Sign reading private car park

From today, motorists will be given greater rights as new laws banning wheel clamping and towing take effect.

It is now an offence to clamp, tow, block-in or immobilise a vehicle without lawful authority on private land under the Protection of Freedoms Act 2012.

These changes will end abuses by rogue clamping firms who prey on motorists by charging excessive release fees. If clampers break the law, they could be liable to an unlimited fine in the Crown Court or up to £5,000 in a Magistrates Court.

Saving motorists £55m a year

Lord Taylor of Holbeach, the Home Office Minister with responsibility for changes to vehicle clamping law, said: 'This common sense ban will give motorists the protection they deserve against rogue wheel-clamping and towing companies.

'It will save motorists £55 million each year in clamping charges and finally penalise the real criminals – the corrupt firms themselves.'

Other changes

Other changes include extending police powers to remove vehicles parked on private land, ensuring landowners can keep their land clear from obstructively parked cars.

The Department for Transport is also strengthening laws around ticketing, so unpaid charges can be claimed from the keeper of the vehicle, as well as the driver.

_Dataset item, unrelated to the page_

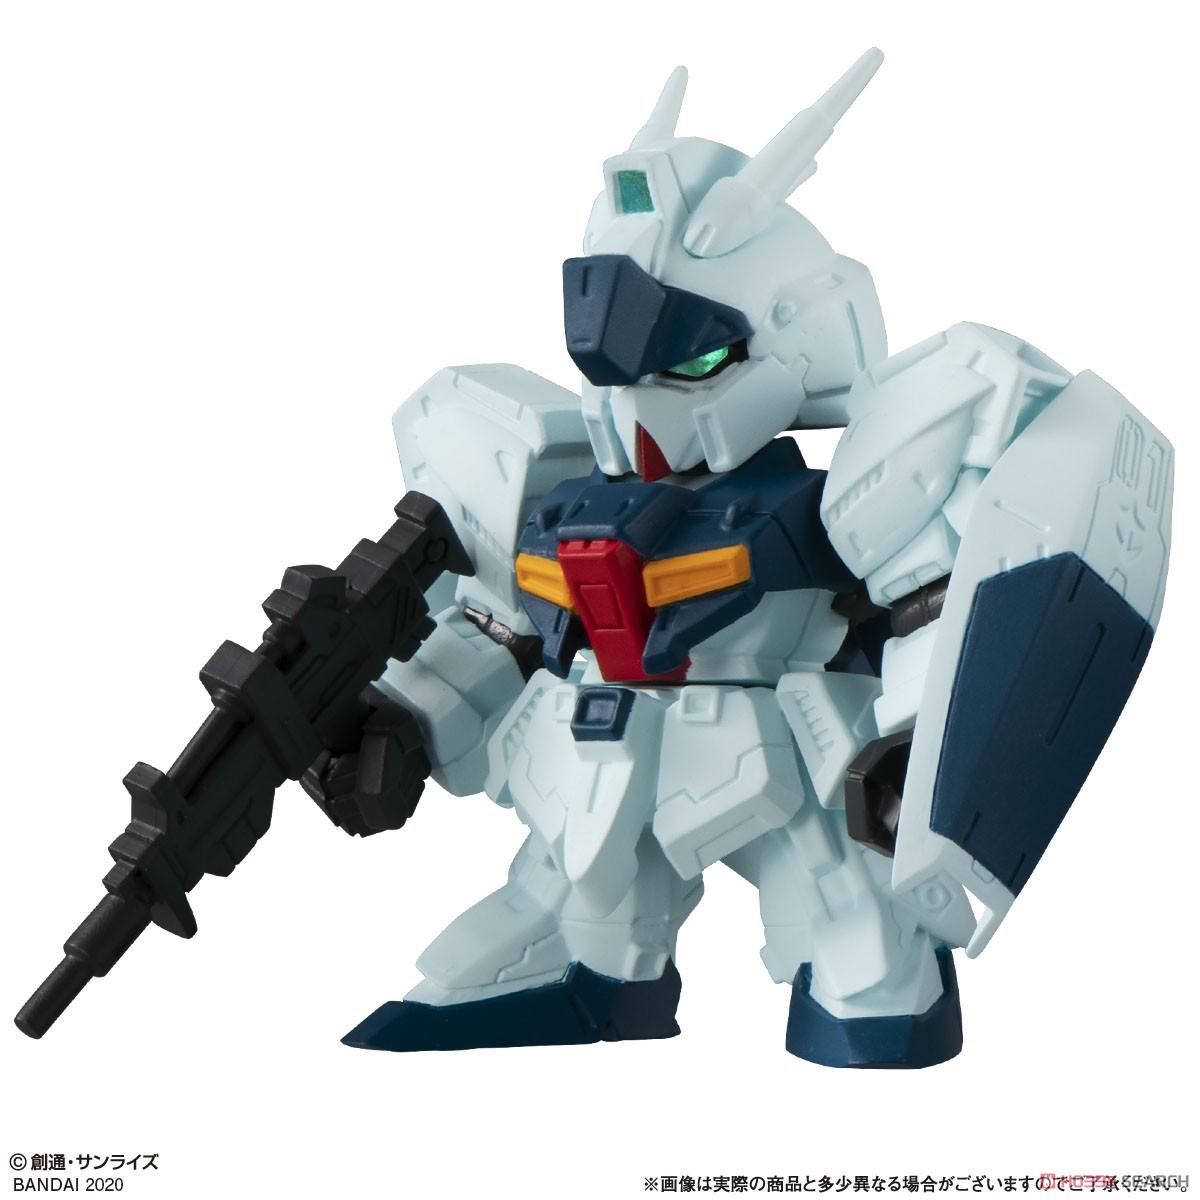 機動戦士ガンダム『ガシャポン戦士フォルテ11』12個入りBOX-002

In addition, the British Parking Association has set up an Independent Appeals Service to allow motorists to appeal parking charges on private land.

'Your Freedom' survey

These changes were all raised by members of the public through a cross-government survey, ‘Your Freedom’.

People had the chance to suggest ideas on restoring liberties that have been lost, repealing unnecessary laws and stripping away excessive regulation.